==== RECORDS PROVIDED ====

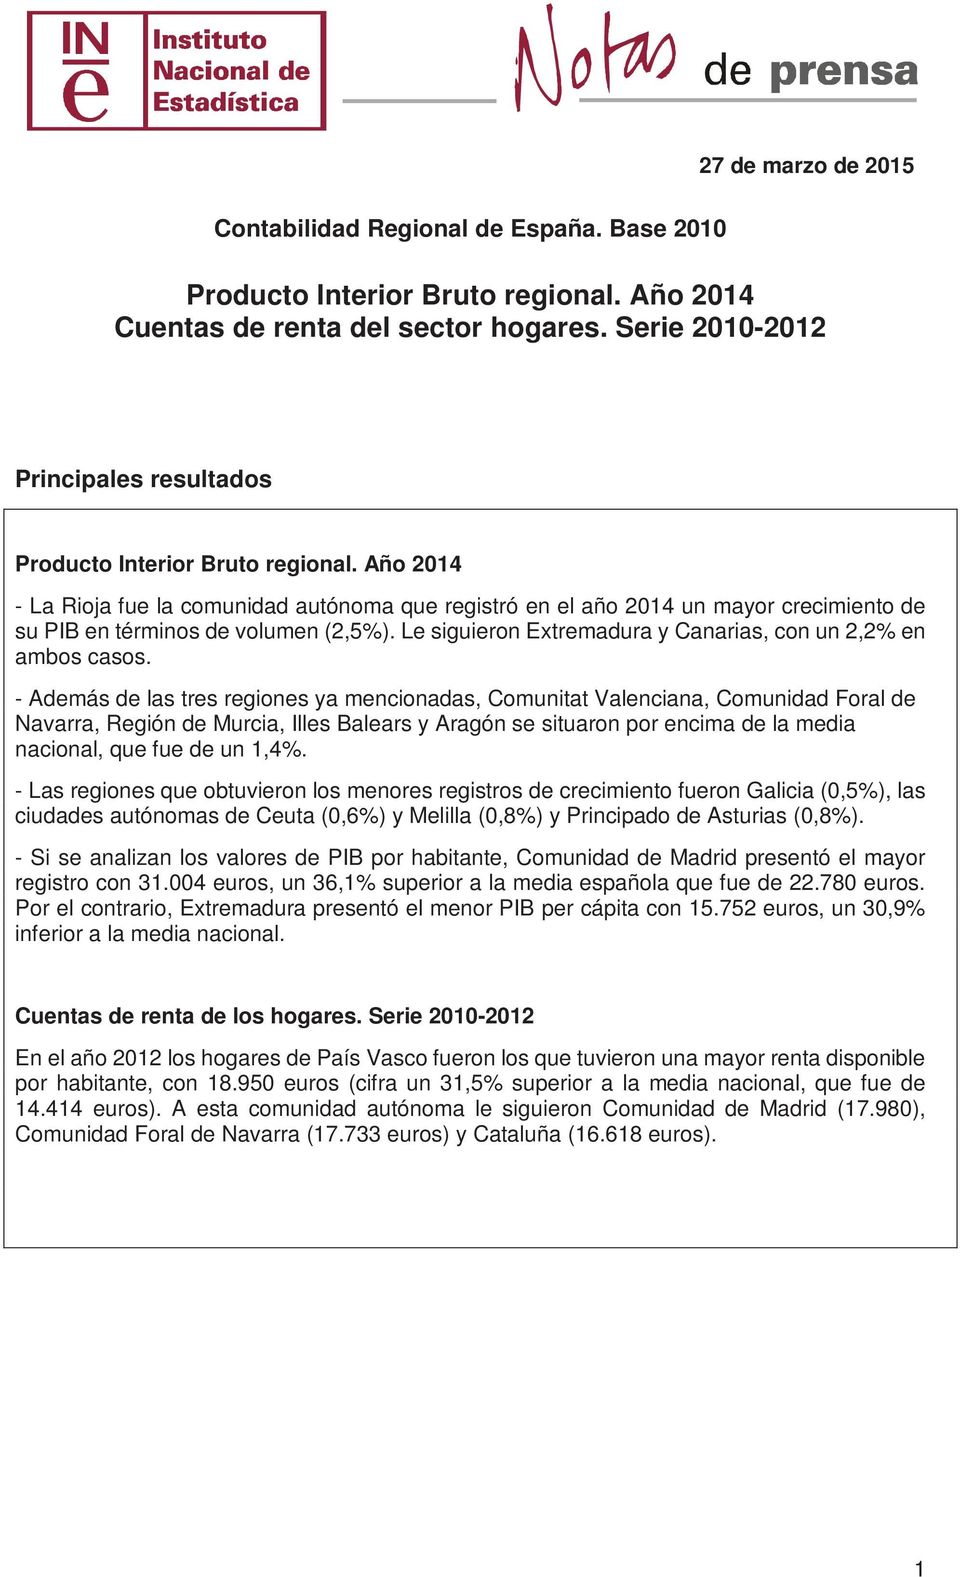 Año 2014 - La Rioja fue la comunidad autónoma que registró en el año 2014 un mayor crecimiento de su PIB en términos de volumen (2,5%). Le siguieron y, con un 2,2% en ambos casos.
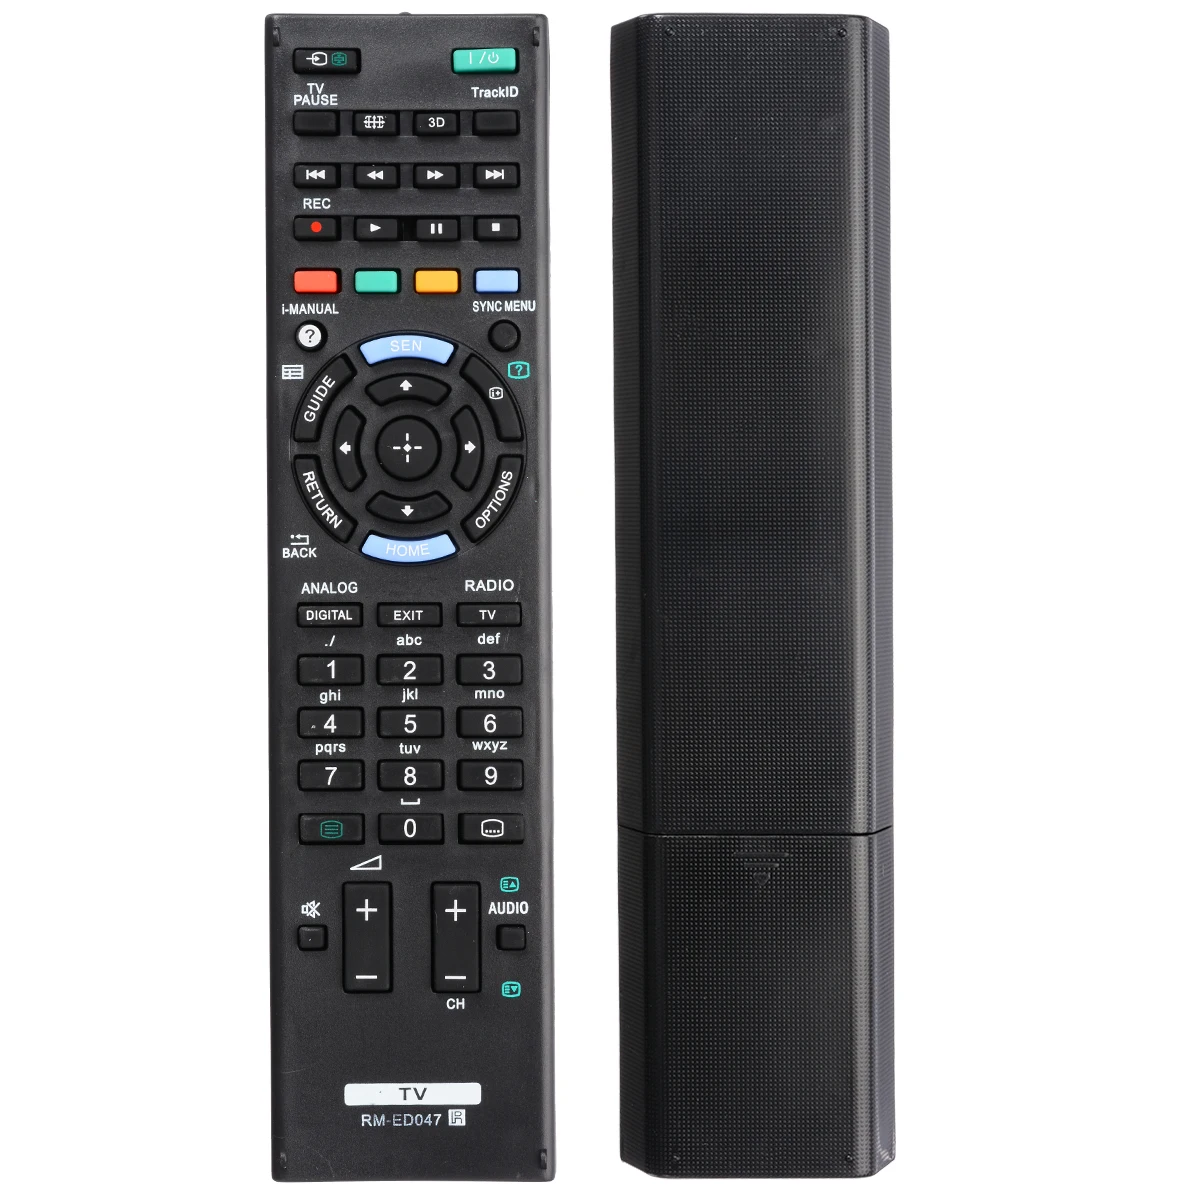 

Newest Remote Control RM-ED047 For SONY Bravia TV KDL-40HX750 KDL-46HX850 Replacement Remote Television Smart Remote Control
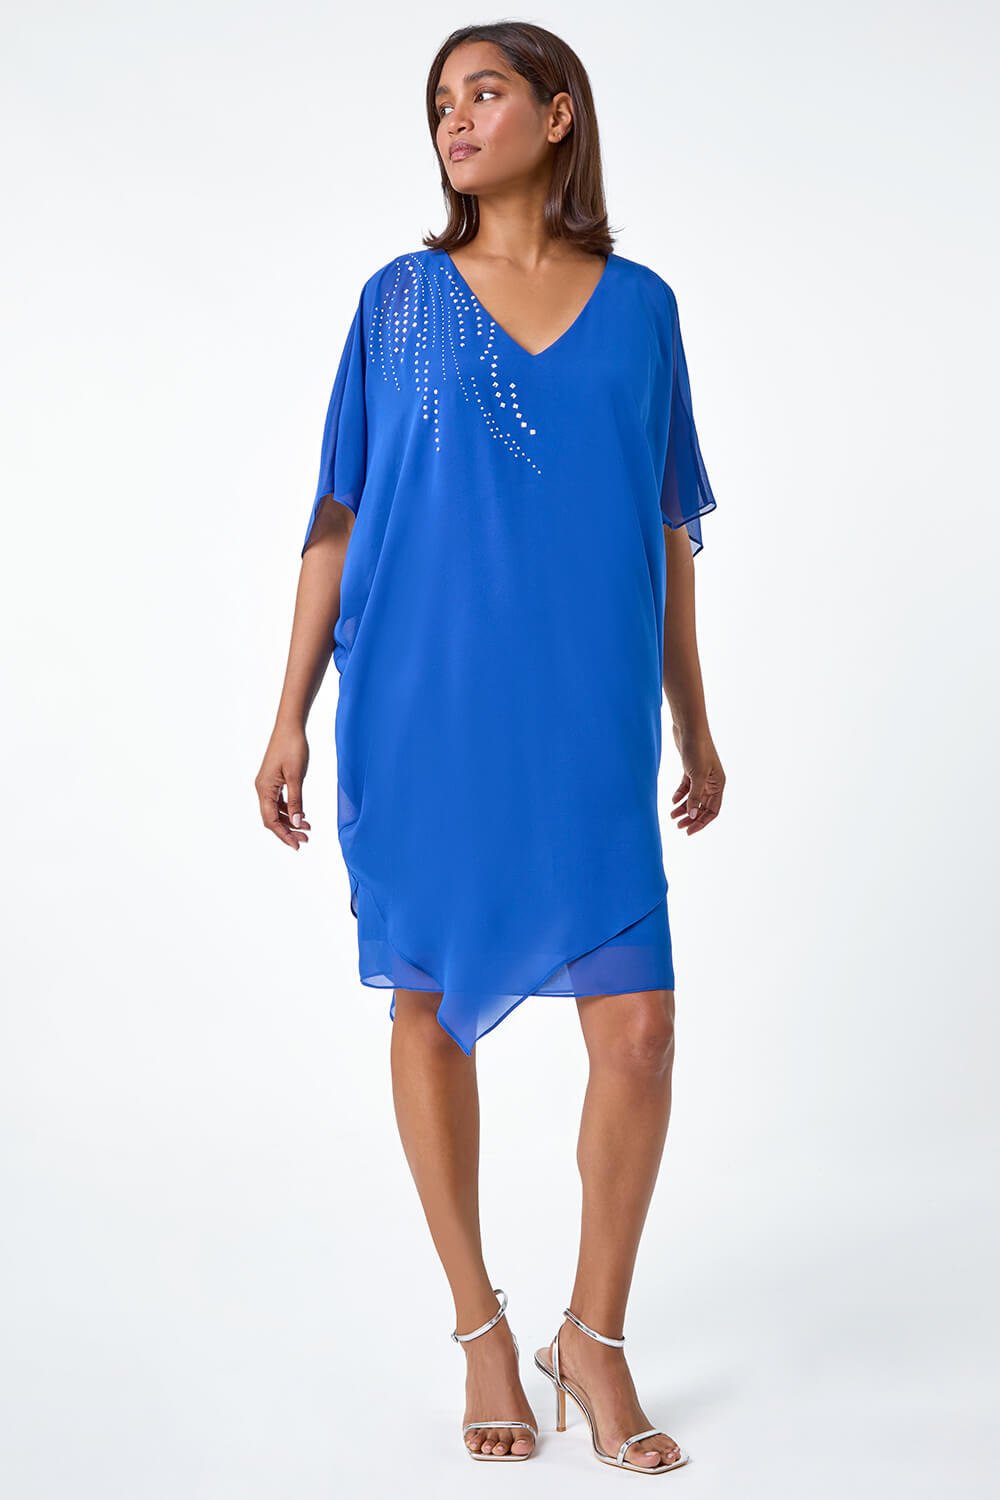 Royal Blue Embellished Cold Shoulder Overlay Dress, Image 2 of 5
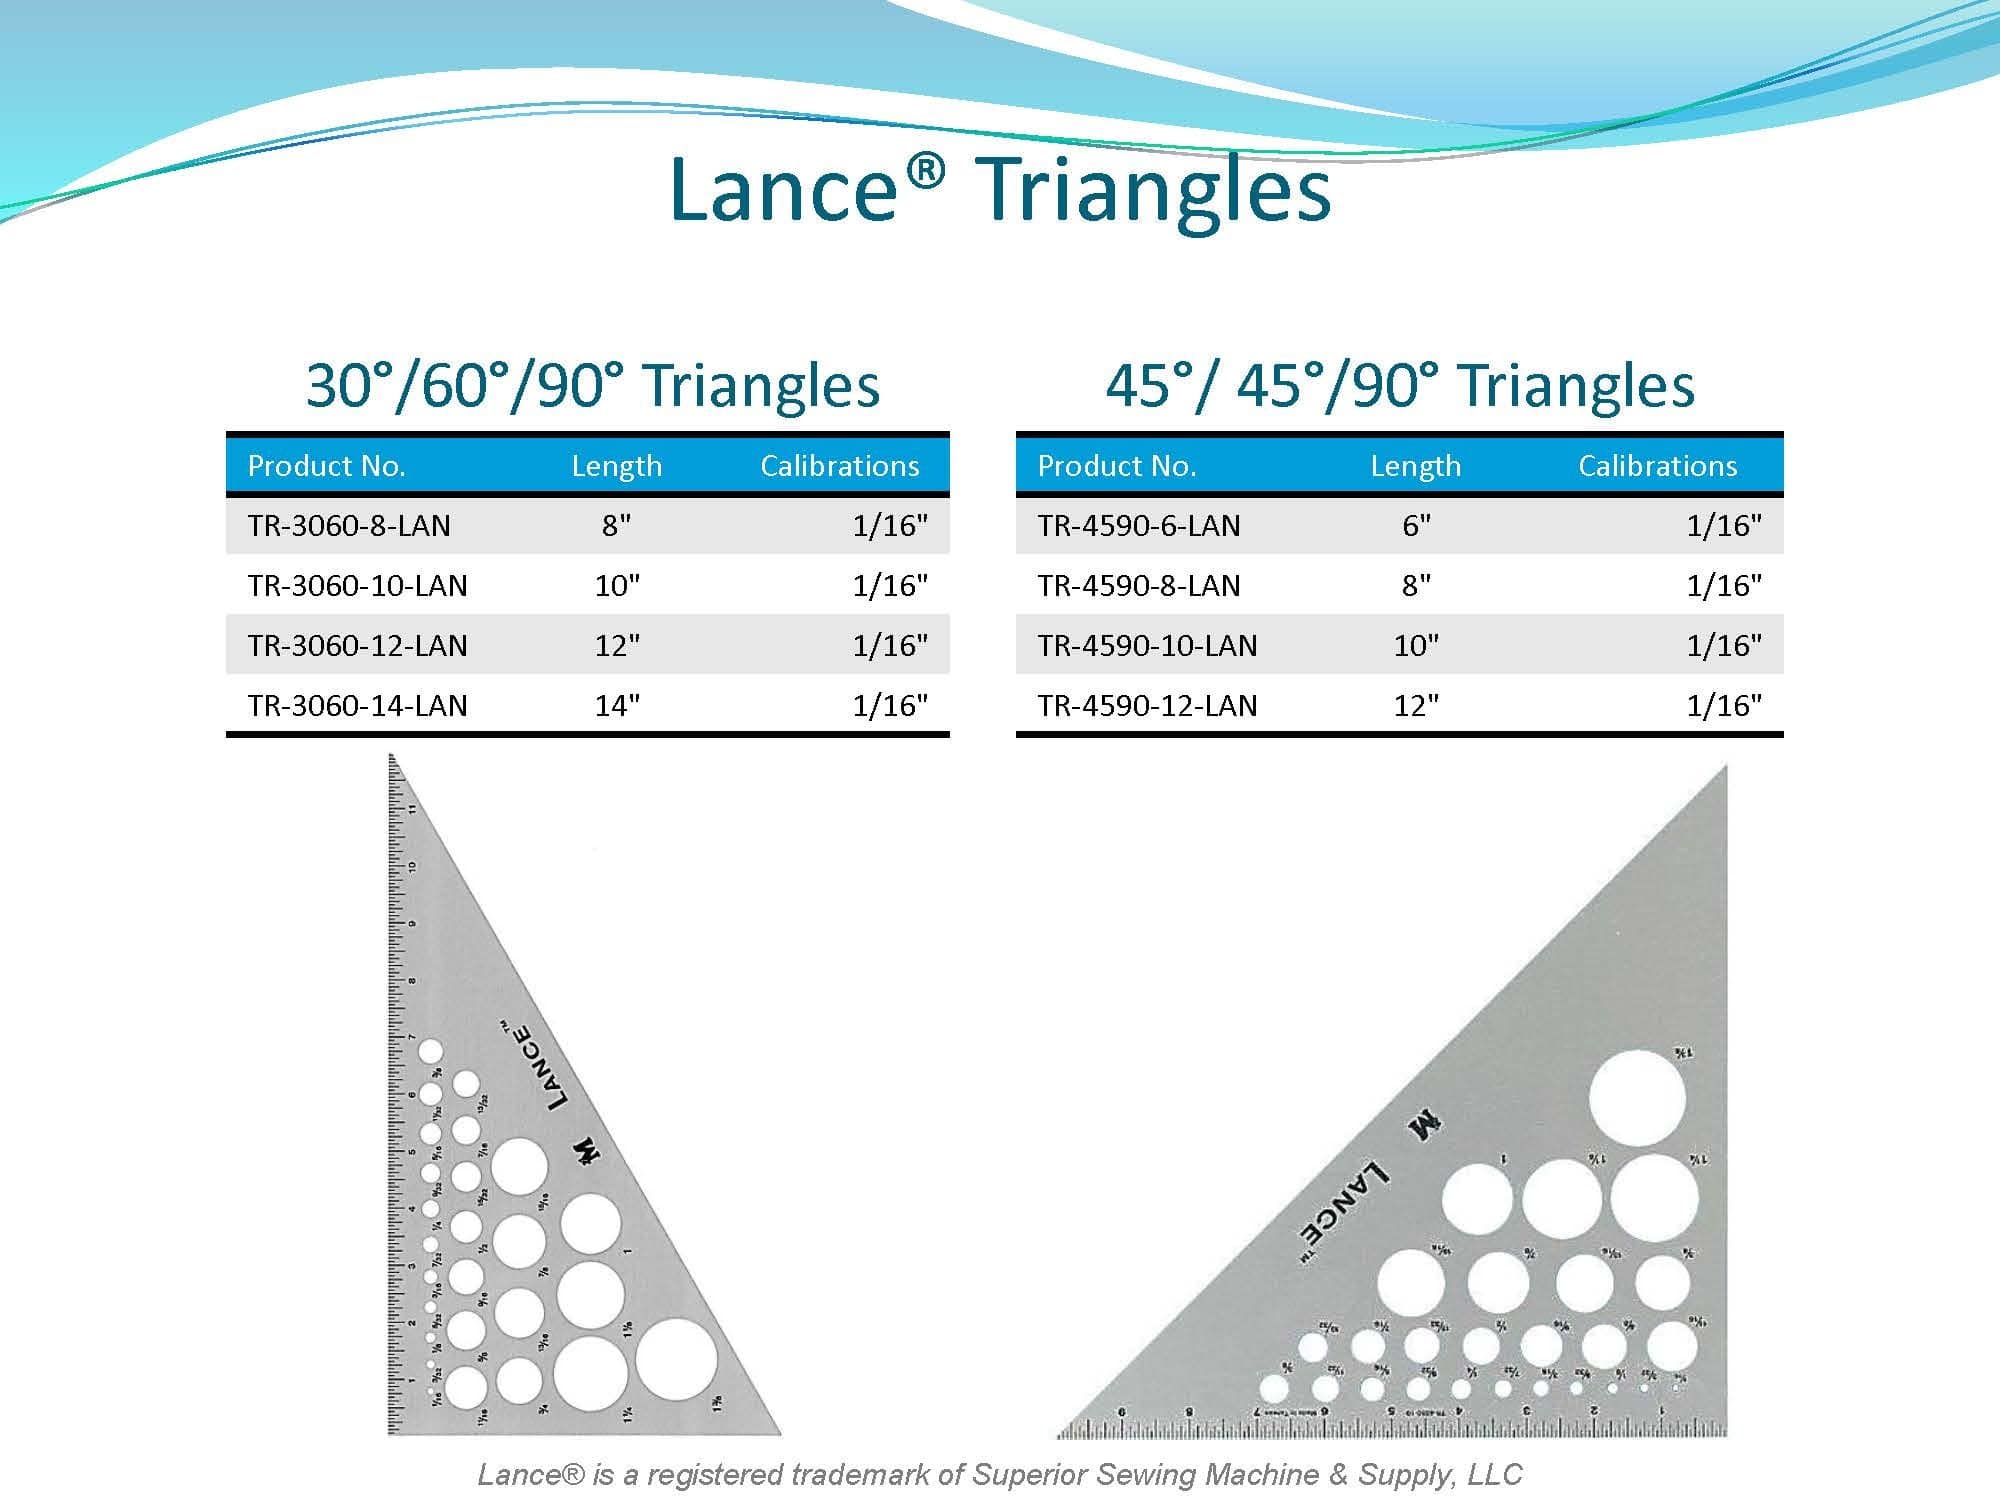 LANCE TRIANGLES
30/ 60/ 90 DEGREE TRIANGLES
45/ 45/ 90 DEGREE TRIANGLES

====

▶ _PROBLEM TO SOLVE_
All the records need to be retyped word for word, except for the pictures.

▶ _RESULT OF THIS TASK_
 Año 2014 - La Rioja fue la comunidad autónoma que registró en el año 2014 un mayor crecimiento de su PIB en términos de volumen (2,5%). Le siguieron y, con un 2,2% en ambos casos.

Newest Remote Control RM-ED047 For SONY Bravia TV KDL-40HX750 KDL-46HX850 Replacement Remote Television Smart Remote Control
 Royal Blue Embellished Cold Shoulder Overlay Dress, Image 2 of 5
 LANCE TRIANGLES
30/ 60/ 90 DEGREE TRIANGLES
45/ 45/ 90 DEGREE TRIANGLES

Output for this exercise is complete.